Speech analytics

In data streaming mode, you can get both the speech recognition results and information about certain characteristics (biometrics) of the recognized speech. Currently, the speech recognition system can guess the gender and age of the speaker and detect the language.

Attention.

Speech analytics can be used only with the Addresses (maps) and Short queries (queries) speech recognition models.

Transmitting parameters

To analyze speech, send a ConnectionRequest message with the field AdvancedASROptions. Structure of the AdvancedASROptions message:

message AdvancedASROptions
{ 
  optional bool partial_results = 1 [default = true];
 
 optional string biometry = 24;
}
FieldDescription
biometry

Characteristics to identify during voice analysis.

You can detect:

  • gender — The speaker's gender.

  • group — The speaker's age group (such as child or adult).

  • language — The language being spoken.

You can specify multiple characteristics at once in the biometry field (use commas and no spaces to separate them). For example, to get data about the speaker's gender and age, specify:

biometry=group,gender

Evaluating results

Results are sent with the final speech recognition result inside the BiometryResult class object.

message BiometryResult
{
   required string classname = 1;

   required float confidence = 2;

   optional string tag = 3;
}
FieldDescription
classname

Indicator for the biometric.

For example, two indicators are used for defining gender (the gender biometric). The voice is defined as “male” (the male indicator) or “female” (the female indicator).

All possible values of the classname field are listed below.

Gender. Indicators for the gender biometric:

  • male — The speaker is male.

  • female — The speaker is female.

Age group. Indicators for the group biometric:

  • c — Child (estimated age is under 14 years old).

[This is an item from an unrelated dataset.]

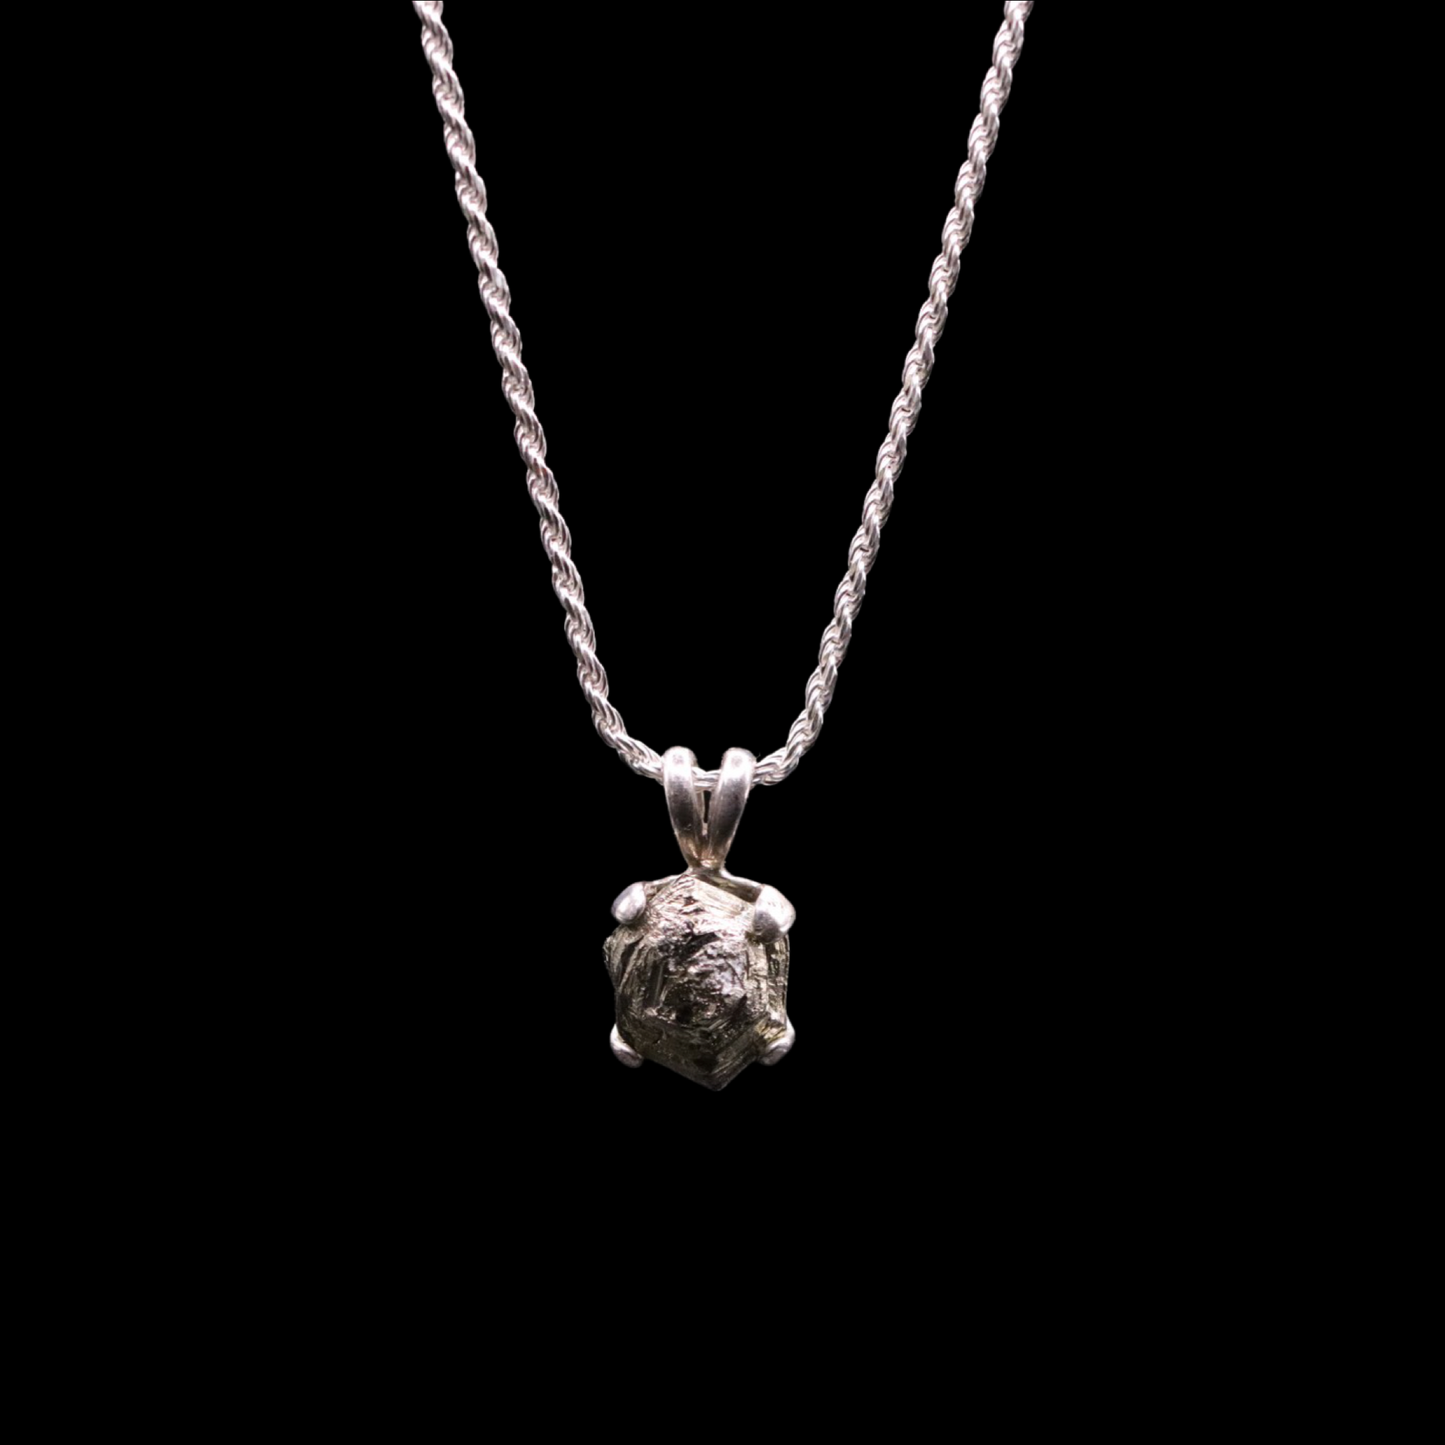 Natural Petite Peruvian Pyrite Solitaire on Rope

  • ym — Young male (14–20 years old).

  • yf — Young female (14–20 years old).

  • am — Adult male (20–55 years old).

  • af — Adult female (20–55 years old).

  • sm — Male over 55.

  • sf — Female over 55.

Note.

The “c” (child) indicator does not differentiate between the genders.

Language. Indicators for the language biometric:

  • de — German

  • en — English

  • fr — French

  • ru — Russian

  • tr — Turkish

  • uk — Ukrainian

Each indicator has a number in the confidence field. The developer should use these numbers to calculate the final results.

confidence

Result of evaluating the indicator.

The speech recognition system evaluates each biometric by all of its indicators (the indicator names are listed in classname). The resulting number is shown for each of them in the confidence field. So for each biometric being analyzed, we get two or more numbers.

To determine the speaker's gender, subtract the female value from the male value. If the result is a positive number, this is a male voice; if it is a negative number, this is a female voice.

The larger the absolute difference, the more accurate the prediction is.

To determine the speaker's age, take the largest value. The same is true for the language biometric.

Note.

The confidence score is calculated for each biometric using different mathematical models, so you shouldn't compare the indicator values for different biometrics (for example, female and yf).

tag

A biometric that was analyzed, such as group or gender.

The AddDataResponse response contains BiometryResult bioResult only when endOfUtt=true. This indicates the end of the utterance or the end of the recording. Speech analysis is performed independently for each utterance, without consideration for previous values.

When performing speech recognition for short utterances (just one or two words), a response is returned, but the results are usually not very accurate (the absolute difference is small).